- 1 pound dried brown or green lentils
- 12 to 15 ounces boneless, skinless chicken thighs (fat trimmed)
- 6 c. chicken stock
- 1 c. water
- 1 small yellow onion, coarsely chopped
- 2 scallions, white and light-green parts, chopped
- 1/4 cup chopped cilantro leaves
- 3 cloves garlic, minced
- 1 medium-size ripe tomato, cut into 1/2-inch dice
- 1 teaspoon granulated garlic (powder)
- 1 teaspoon ground sumac (may substitute cumin)
- 1/4 teaspoon dried oregano
- 1/2 teaspoon sweet paprika
- 1/2 teaspoon kosher salt, or more as needed
Combine the lentils, chicken (to taste), water, stock, onion, scallions, garlic, tomato, cilantro, granulated garlic, ground sumac, oregano, paprika and salt in the pressure cooker or Instant Pot.
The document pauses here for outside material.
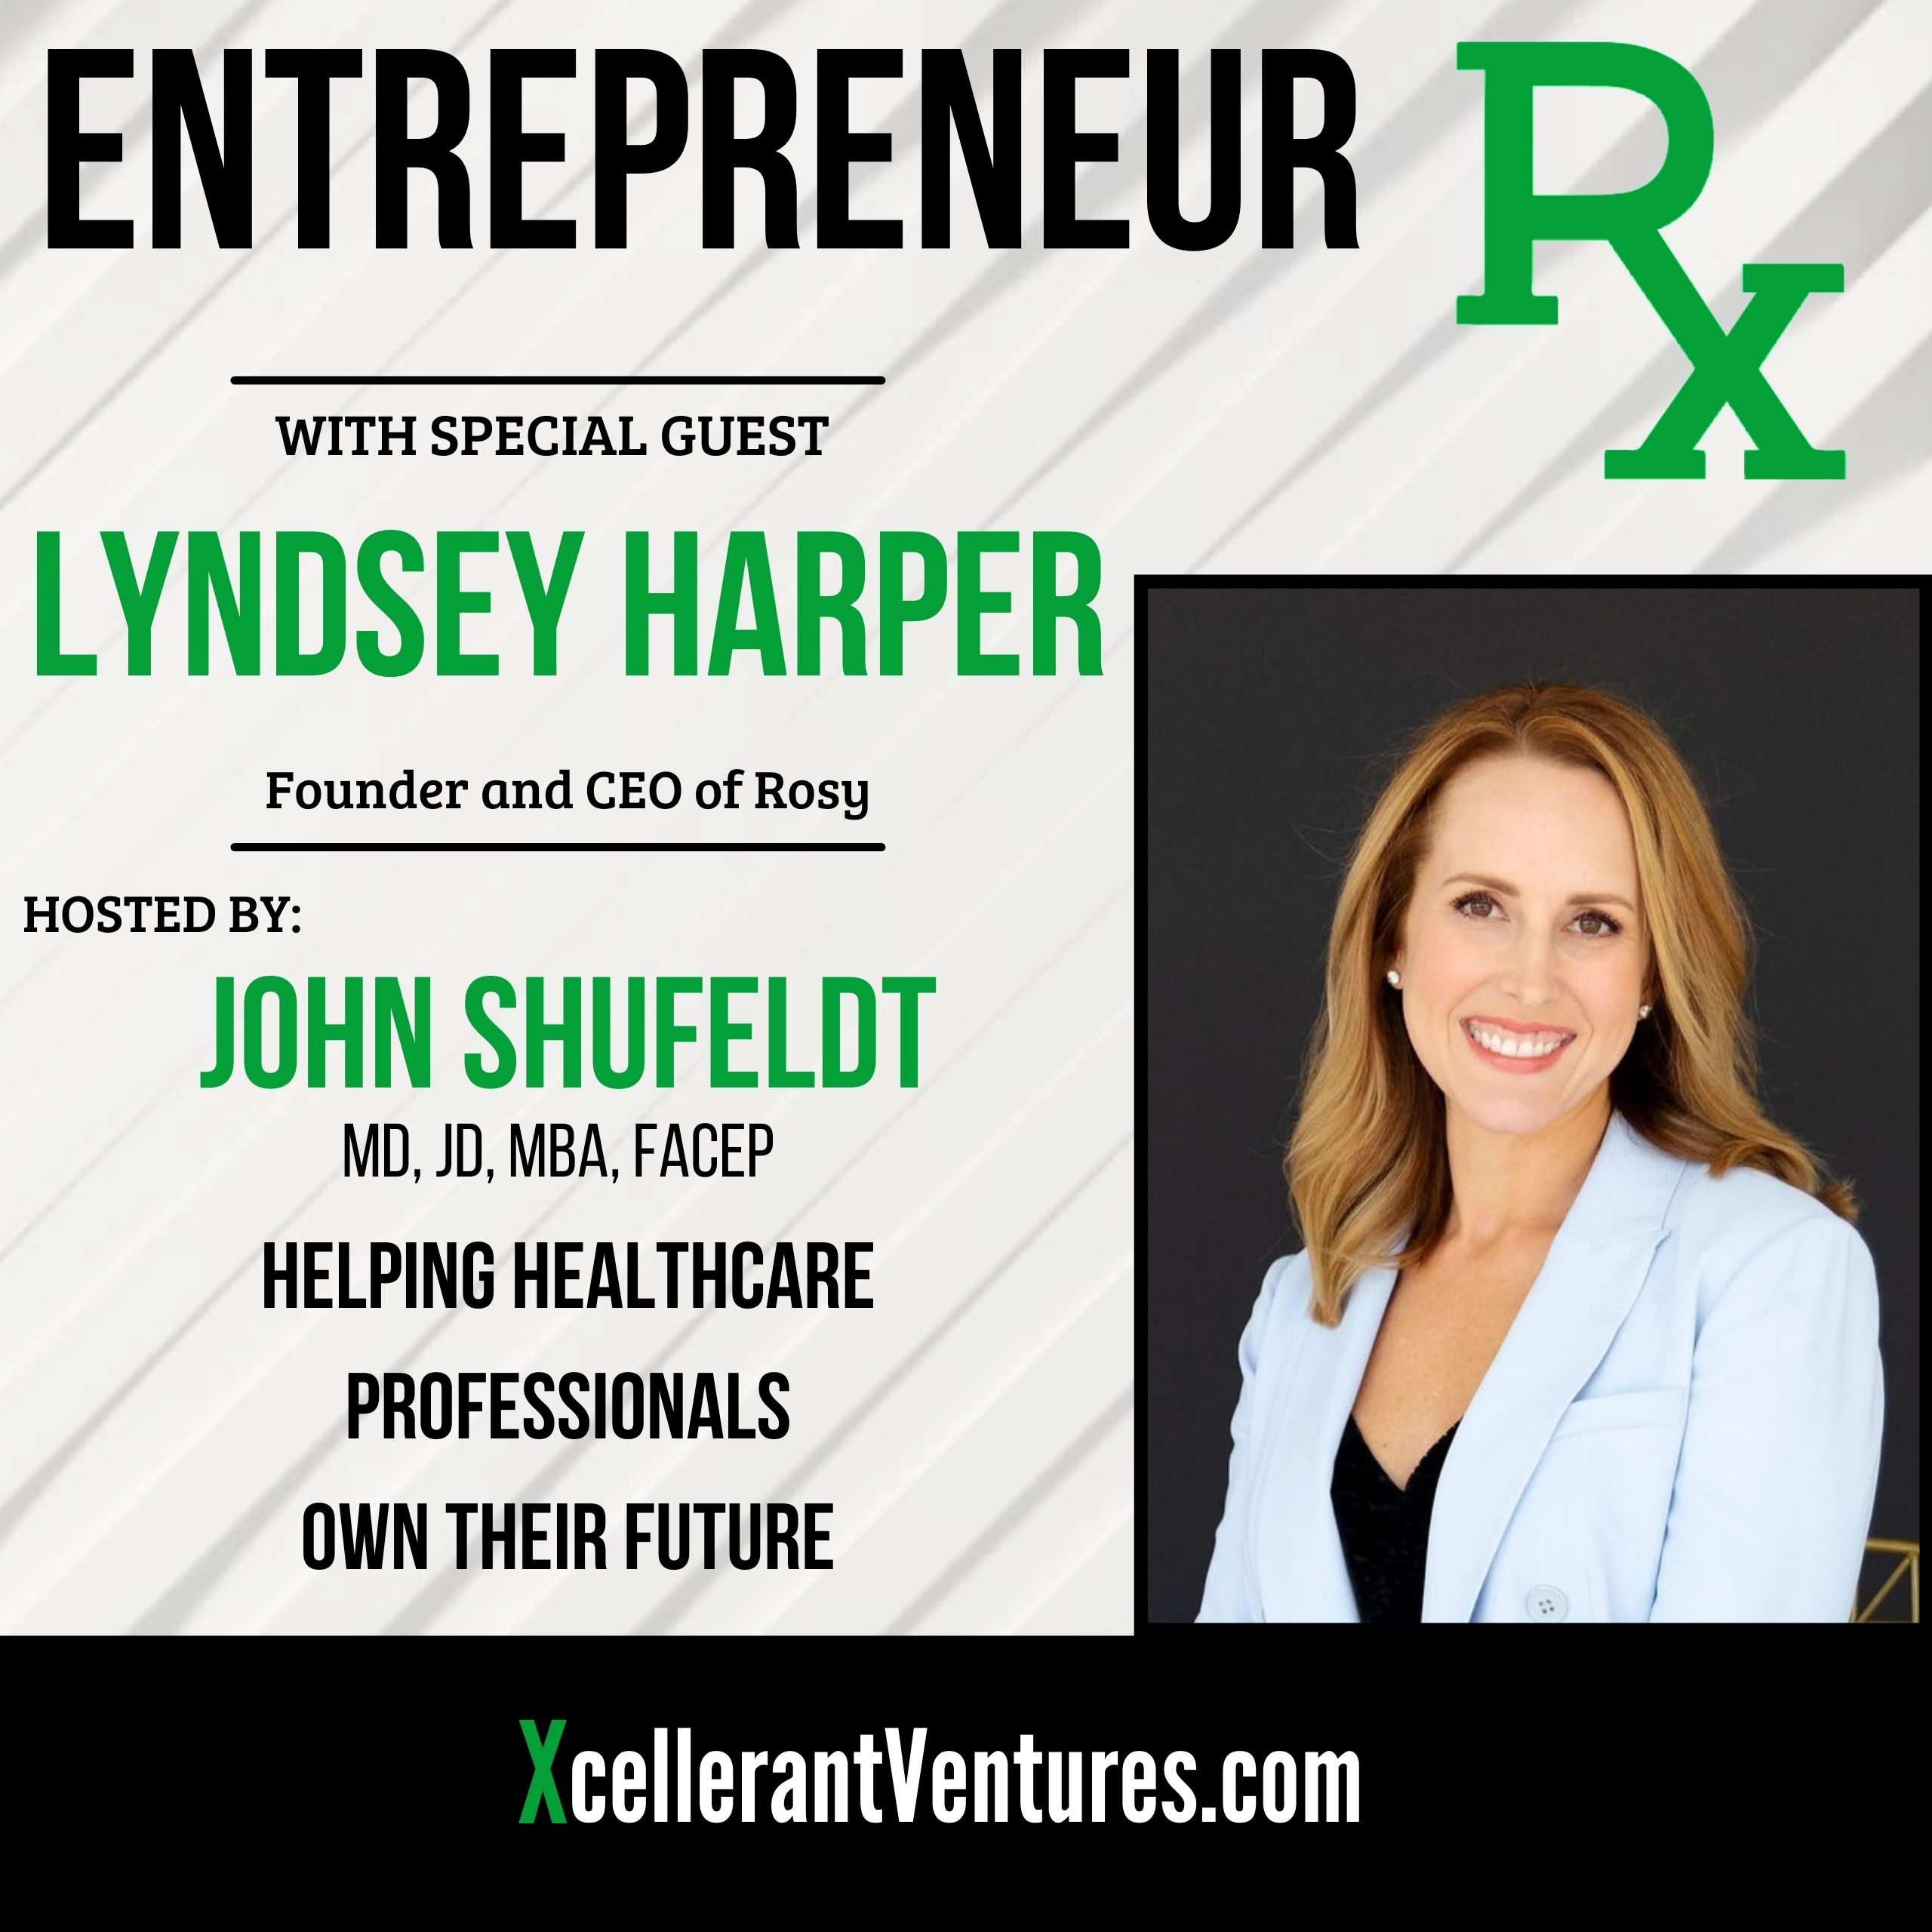 RX49: Lyndsey Harper, MD, Founder and CEO of Rosy

Lock the pressure-cooker lid in place. Turn the heat to high; once the pot reaches HIGH pressure, cook for 30 minutes, adjusting the heat to maintain pressure, as needed. For the Instant Pot, lock the lid and press the SOUP button and cook for 30 minutes. Use the pressure releases, then unlock and open.
Transfer the chicken to a cutting board; use two forks to shred it, then return it to the pot, stirring to incorporate. Taste, and adjust the salt, as needed.